I just wrote this very simple handwritten digit recoginition. Here is 8kb archive with the following code + ten .PNG image files. It works: is well recognized as .
In short, each digit of the database (50x50 pixels = 250 coefficients) is summarized into a 10-coefficient-vector (by keeping the 10 biggest singular values, see Low-rank approximation with SVD).
Then for the digit to be recognized, we minimize the distance with the digits in the database.
from scipy import misc
import numpy as np
import matplotlib.pyplot as plt
digits = []
for i in range(11):
M = misc.imread(str(i) + '.png', flatten=True)
U, s, V = np.linalg.svd(M, full_matrices=False)
s[10:] = 0 # keep the 10 biggest singular values only, discard others
S = np.diag(s)
M_reduced = np.dot(U, np.dot(S, V)) # reconstitution of image with 10 biggest singular values
digits.append({'original': M, 'singular': s[:10], 'reduced': M_reduced})
# each 50x50 pixels digit is summarized into a vector of 10 coefficients : the 10 biggest singular values s[:10]
# 0.png to 9.png = all the digits (for machine training)
# 10.png = the digit to be recognized
toberecognizeddigit = digits[10]
digits = digits[:10]
# we find the nearest-neighbour by minimizing the distance between singular values of toberecoginzeddigit and all the digits in database
recognizeddigit = min(digits[:10], key=lambda d: sum((d['singular']-toberecognizeddigit['singular'])**2))

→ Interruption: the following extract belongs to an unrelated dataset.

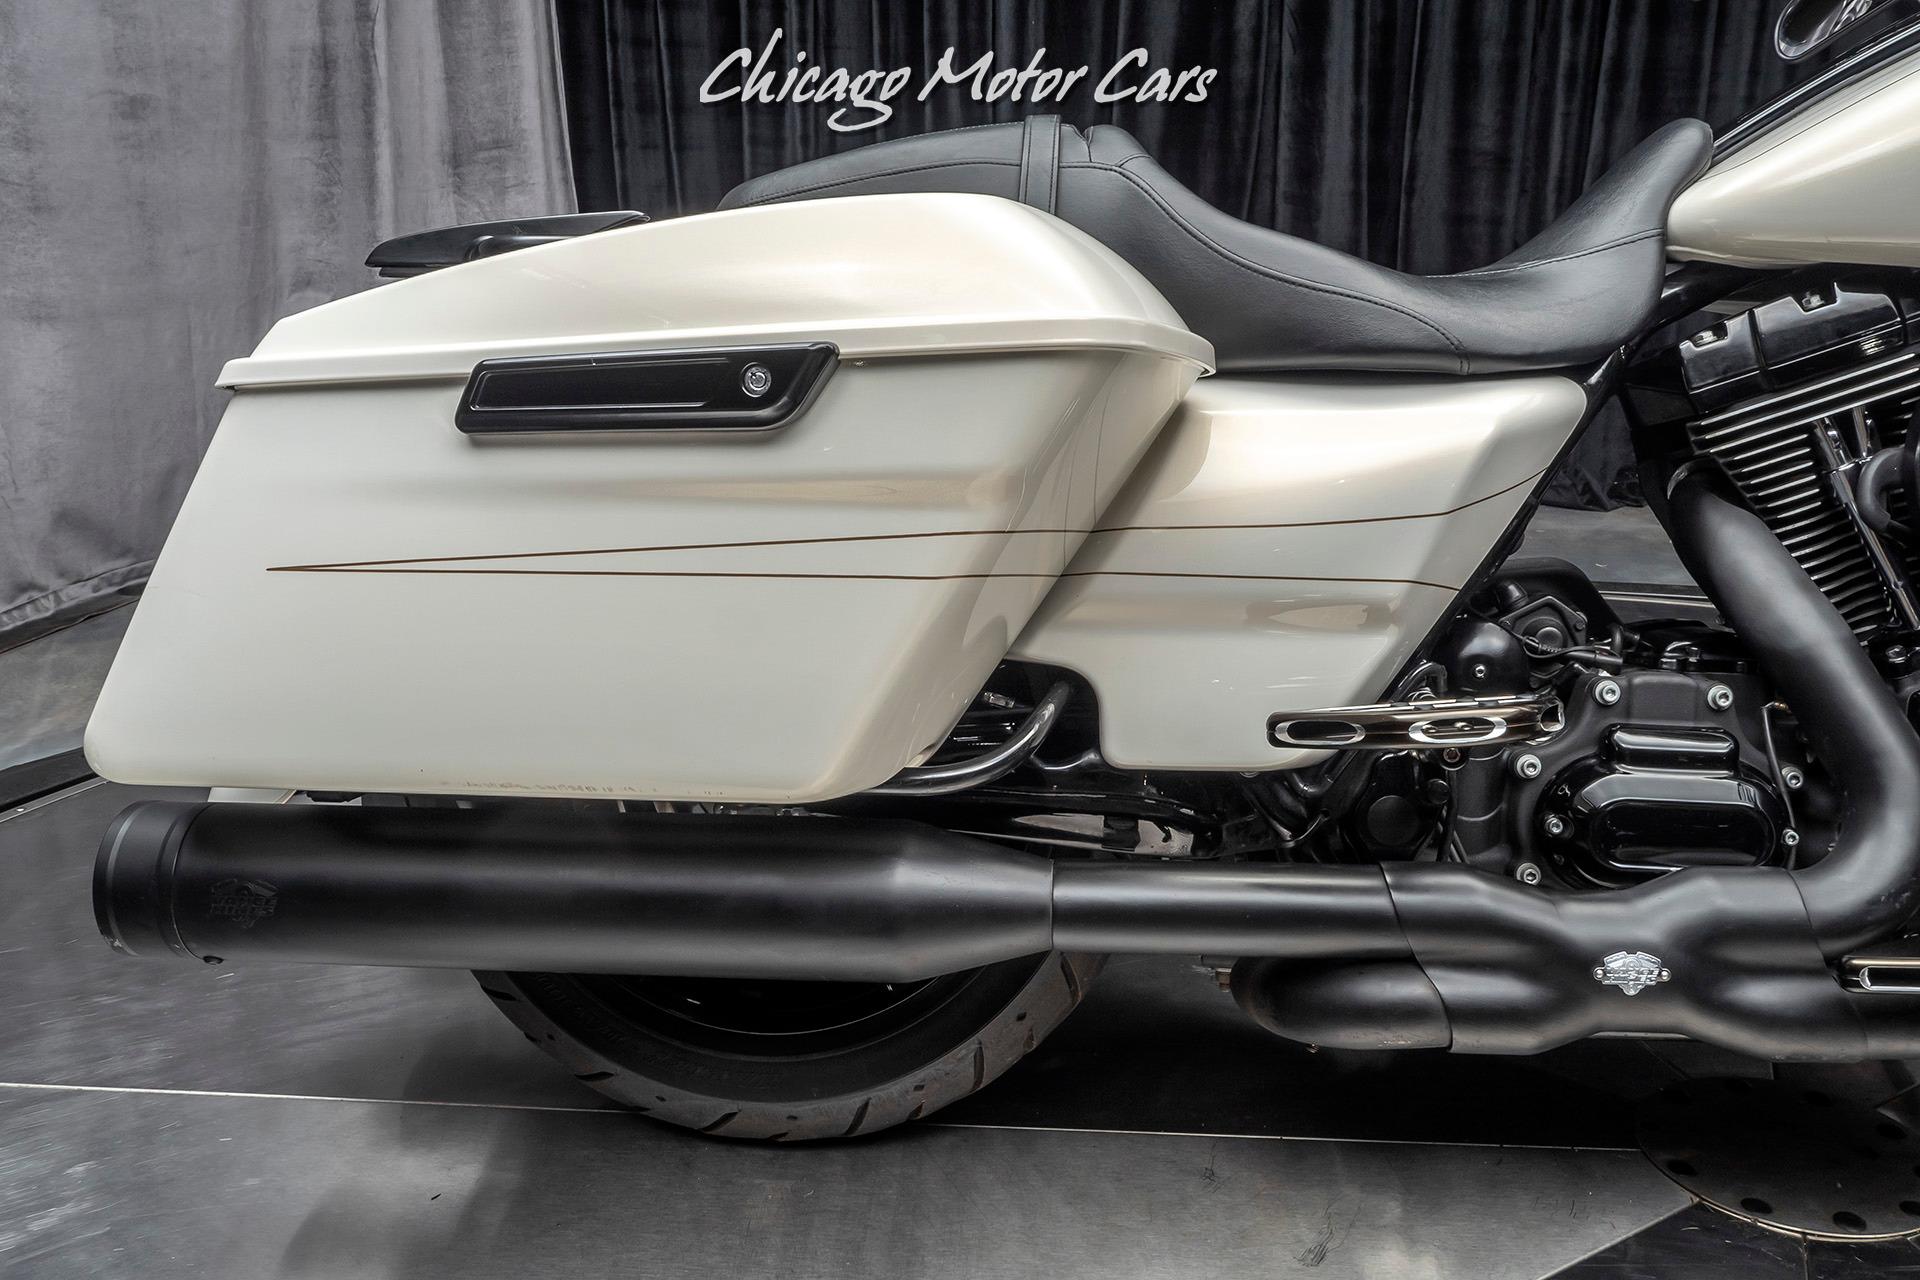 Used-2016-Harley-Davidson-Street-Glide

plt.imshow(toberecognizeddigit['reduced'], interpolation='nearest', cmap=plt.cm.Greys_r)
plt.show()
plt.imshow(recognizeddigit['reduced'], interpolation='nearest', cmap=plt.cm.Greys_r)
plt.show()
Question:
The code works (you can run the code in the ZIP archive), but how can we improve it to have better results? (mostly math techniques I imagine).
For example in my tests, 9 and 3 are sometimes confused with each other.